Его предложение было не совсем адекватным. Особенно учитывая то, что у него даже оружия не было. Поэтому даже рассматривать его заявление не стали. Приказ получен, вот и пошли.
Идти было тяжело. Люди в группе были уставшие, вымотанные и почти все имели множественные ранения. Апраксин так тот вообще был еле-еле живой, поэтому не было ничего удивительно в том, что он первым начал просить устроить небольшой привал. К тому же он очень переживал, что у него в руках кроме палки нет ничего, и всякий раз напоминал об этом.
— Мужики, ну дайте вы мне кто-нибудь оружие. Я старый красноармеец, как мне без оружия быть?
Однако никто менять свой арсенал на палку не спешил. Тем более, что Апраксин был тяжелораненый и в случае опасности вряд ли мог полноценно, на все сто процентов, участвовать в бою.
Мы шли на север, стараясь как можно дальше уйти от аэродрома, но сделать это было совсем нелегко. Апраксин серьёзно замедлял группу, и в какой-то момент у нас даже возникла мысль сделать носилки и нести его. Но старый боец отмёл эту идею, сказав, что пока может идти сам — будет идти.
До вечера углубились в лес километров на десять, зайдя в болотистую местность. Вероятно, из-за дождей вся территория была подтоплена и нам приходилось искать путь и пробираться по возвышающимся над водой холмикам и полоскам суши.
В лесу всегда темнеет очень быстро, и вскоре стали спускаться сумерки. После небольшого совещания решили сделать привал. Конечно, благодаря мне, а точнее, моему необычному умению видеть в темноте как днём, мы могли бы продолжать идти и вечером, и ночью. Но тут дело было в том, что группе идти по болоту в тёмное время суток гораздо опаснее, чем в светлое. Мои товарищи такого зрения, как я, не имели и запросто могли оступиться, споткнуться и при падении повредить ногу и ещё что-нибудь. К тому же за столь долгий и тяжёлый день все мы неимоверно устали, и нам действительно требовался отдых.

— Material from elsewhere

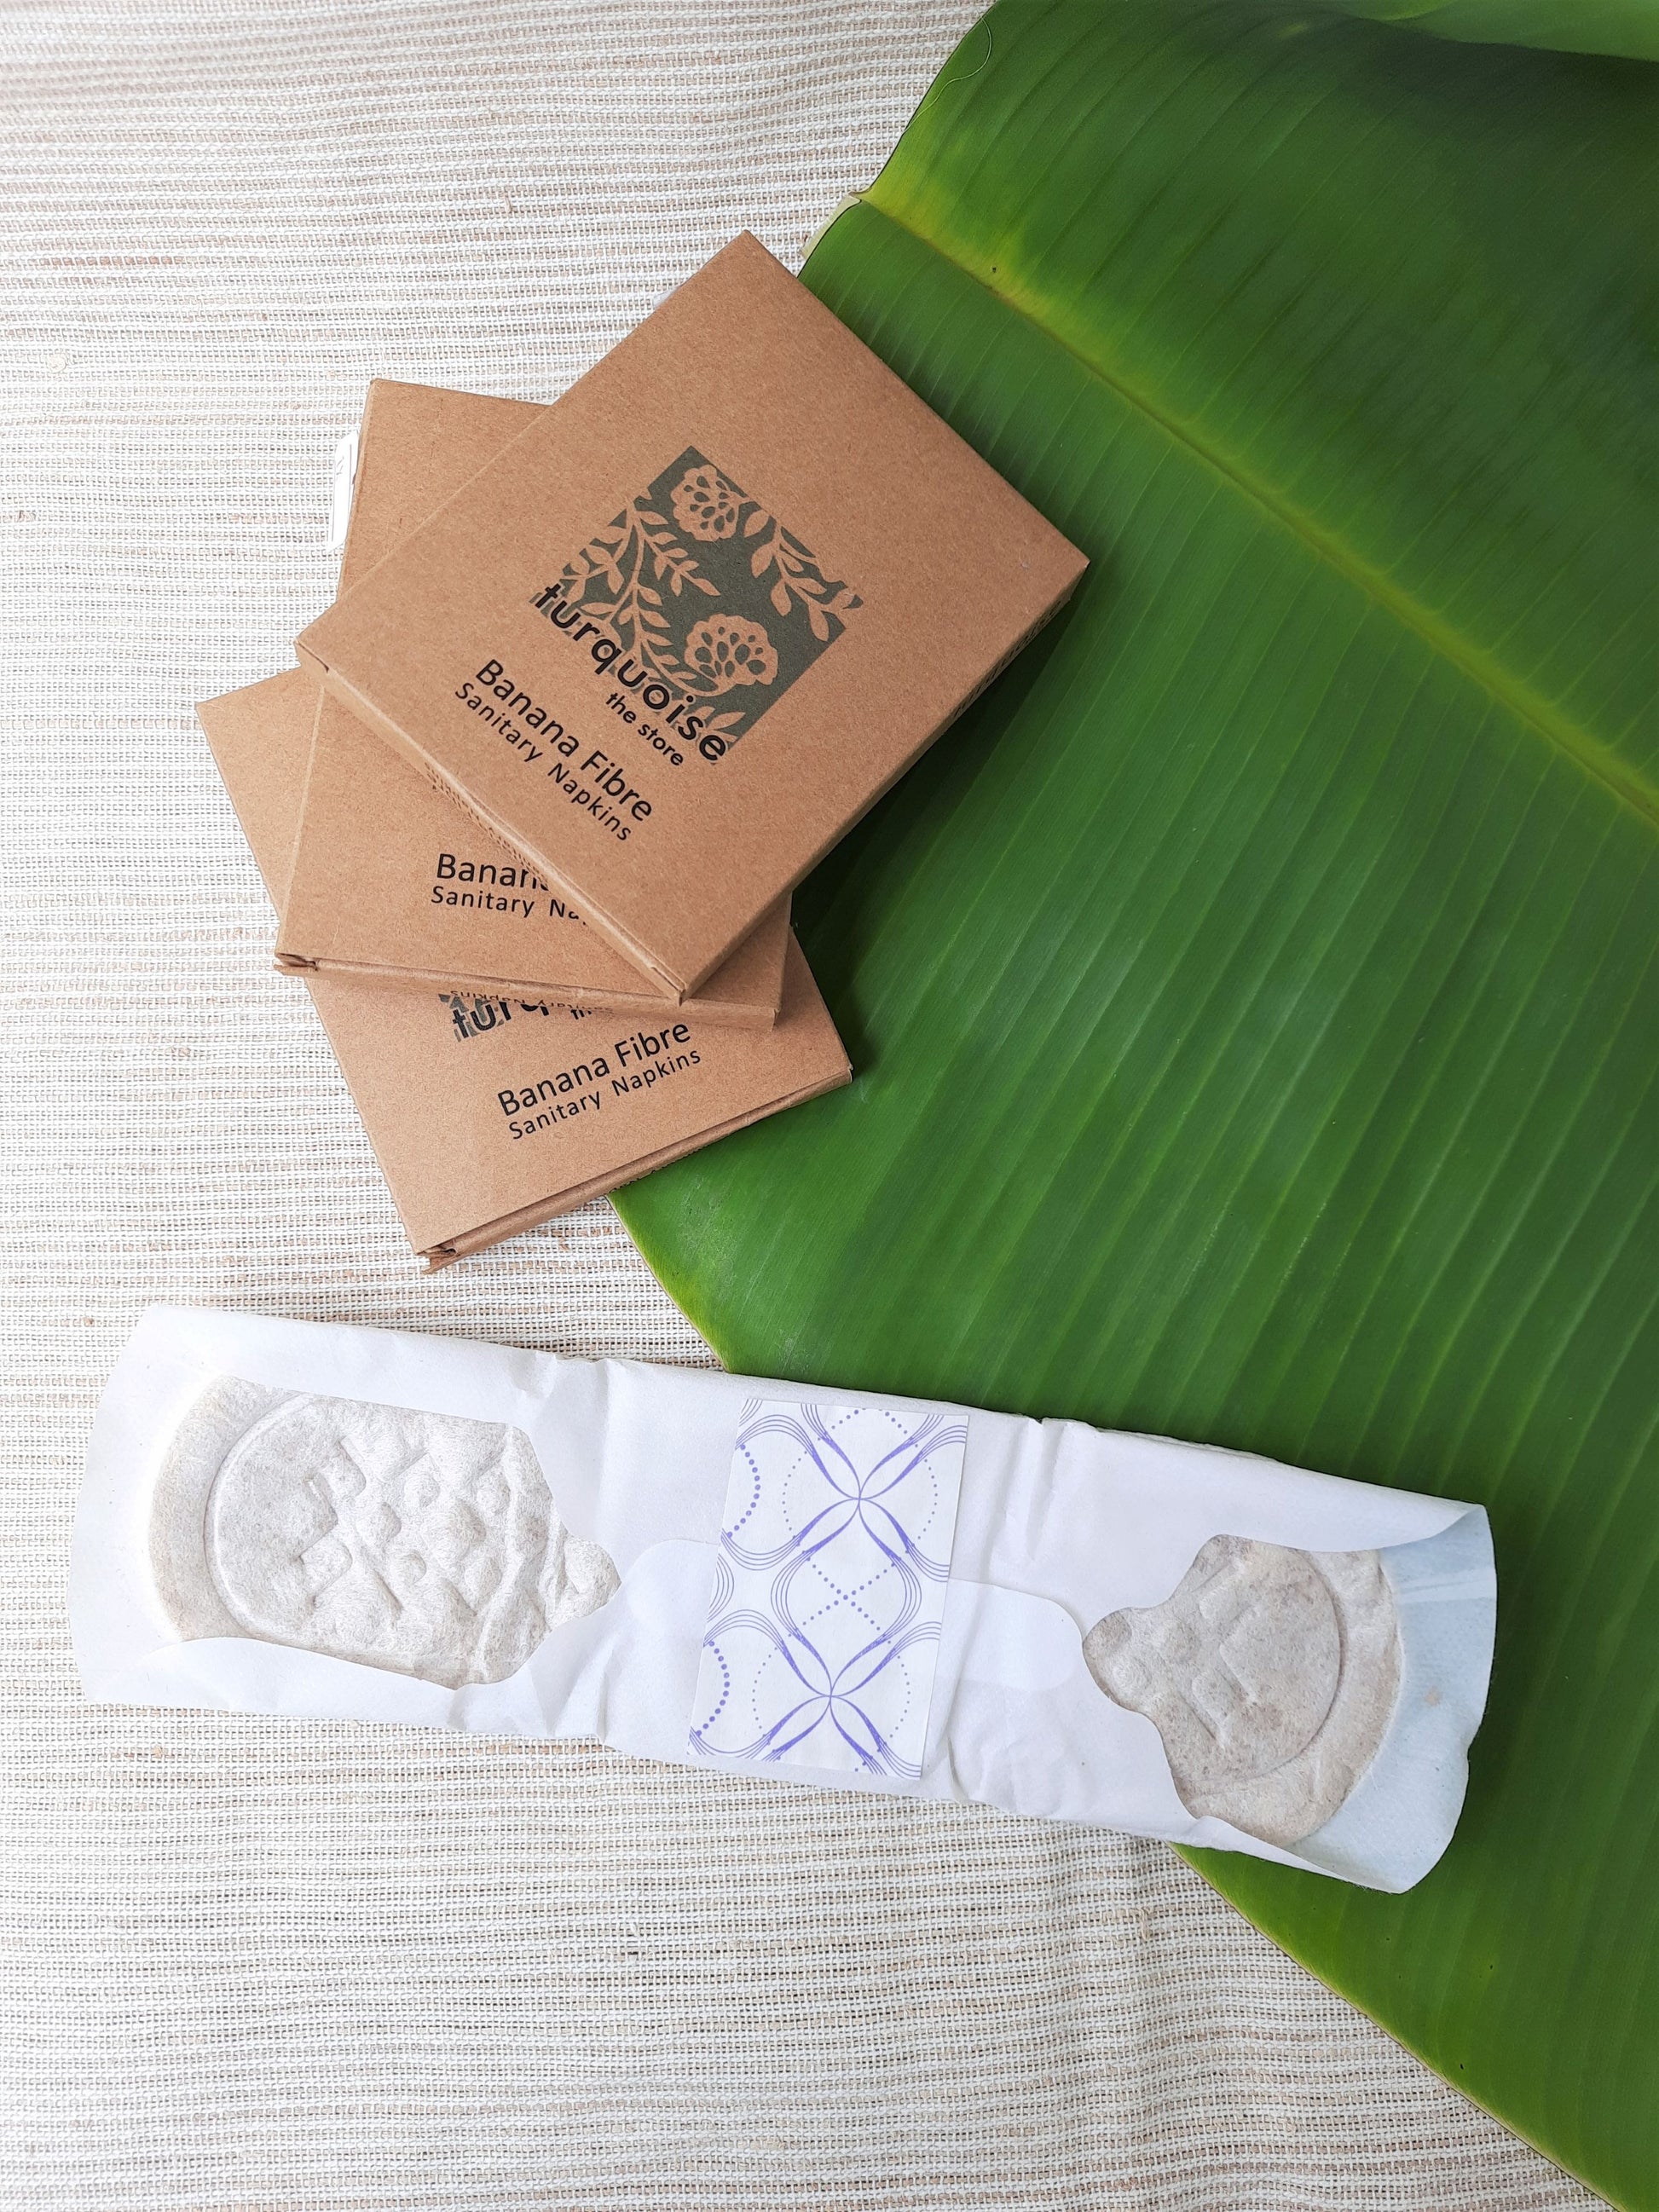 Banana fibre sanitary pads, Biodegradable banana fibre sanitary pads, Vegan and cruelty free sanitary pads, Handmade eco friendly banana fibre sanitary pads

Нашли более-менее удобный клочок земли, на котором лежало поваленное дерево, и валялась пара пней, и расположились на ночлег.
По той же причине — умению видеть ночью как днём, первым дежурить вызвался я.

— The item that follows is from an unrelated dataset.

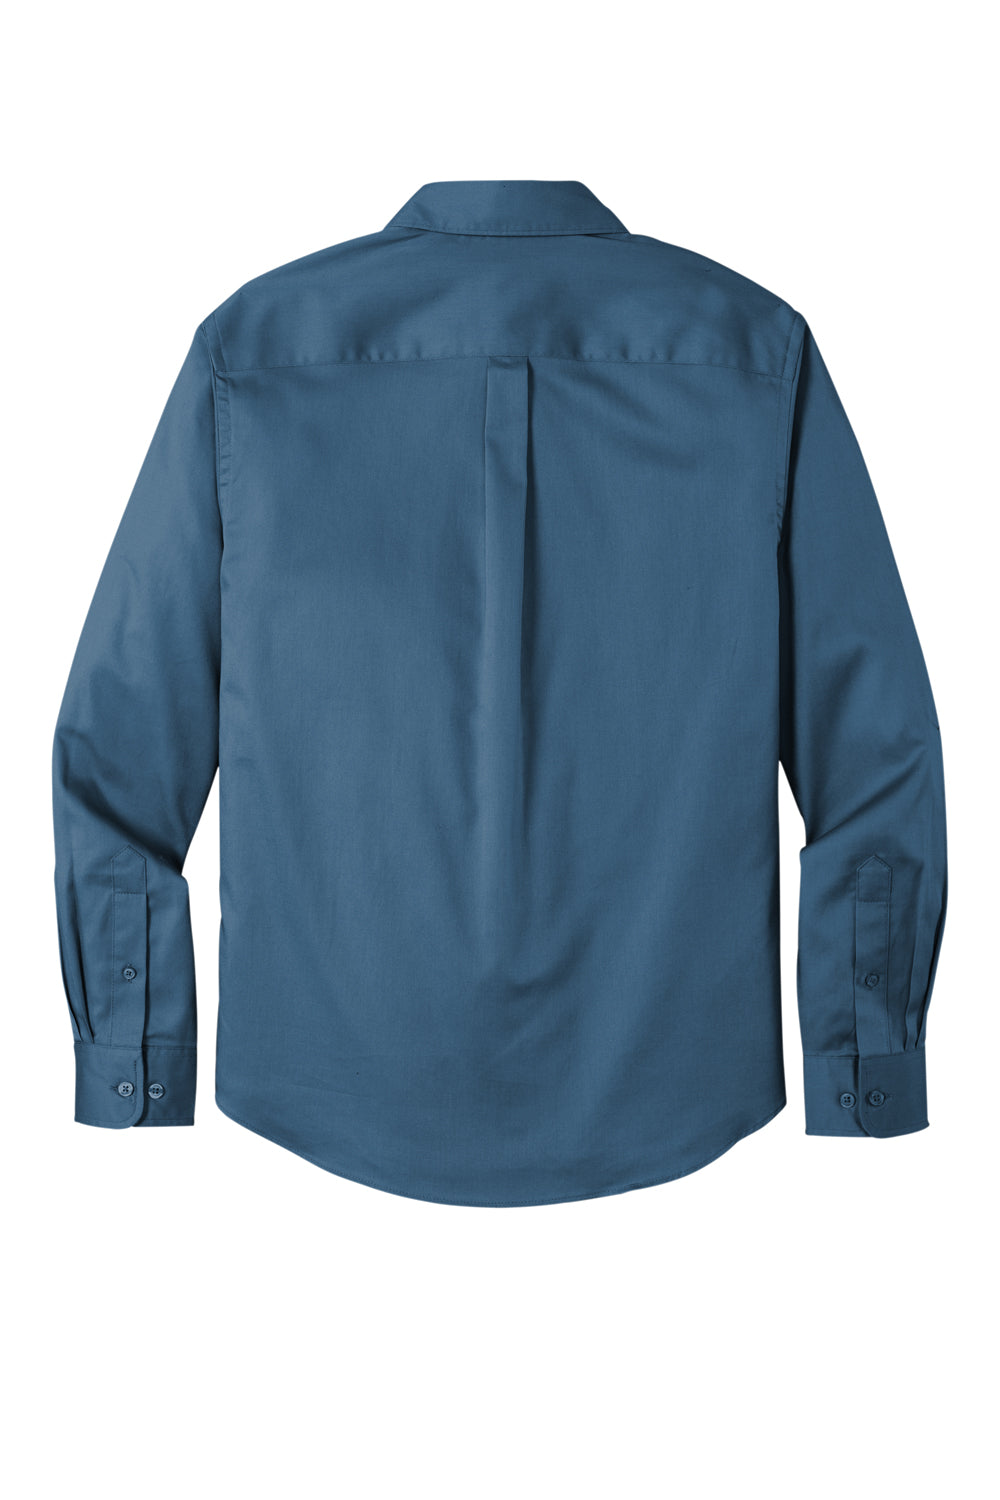 Port Authority W808 SuperPro Wrinkle Resistant React Long Sleeve Button Down Shirt w/ Pocket Regatta Blue Flat Back

— Всё одно, сейчас не засну.
— Хорошо. Тогда через два часа буди меня. Потом Садовский будет караулить, а потом уже видно будет. Если успеем отдохнуть, то под утро пойдём дальше, а если нет, вновь по два часа подежурим.
— А я? — закашлялся Апраксин. — Вы что меня-то со счетов сбрасываете? Думаете, я не смогу?
— Верю, сможешь, Роман Петрович, но тебе лучше отдохнуть и набраться сил, — как можно более деликатно объяснил чекист.
— Есть у меня силы, товарищ лейтенант госбезопасности. Есть. И совесть есть! А потому говорю: давайте я первый подежурю. Хотя бы час. Поверьте — не подведу! А уж потом меня Лёшка сменит, — предложил он. Чекист хотел было что-то возразить, но тот его прервал: — Товарищ Воронцов, да не позорь ты меня ещё больше. А то мне от стыда, что оружие забыл, не перед вами даже стыдно, а перед собой. Ведь я бывалый боец и много что повидал. А вон оно как вышло, вон как с оружием-то я опростоволосился. Так что дайте мне совесть свою унять! Видите же — могу подежурить. Могу! А вы отдыхайте.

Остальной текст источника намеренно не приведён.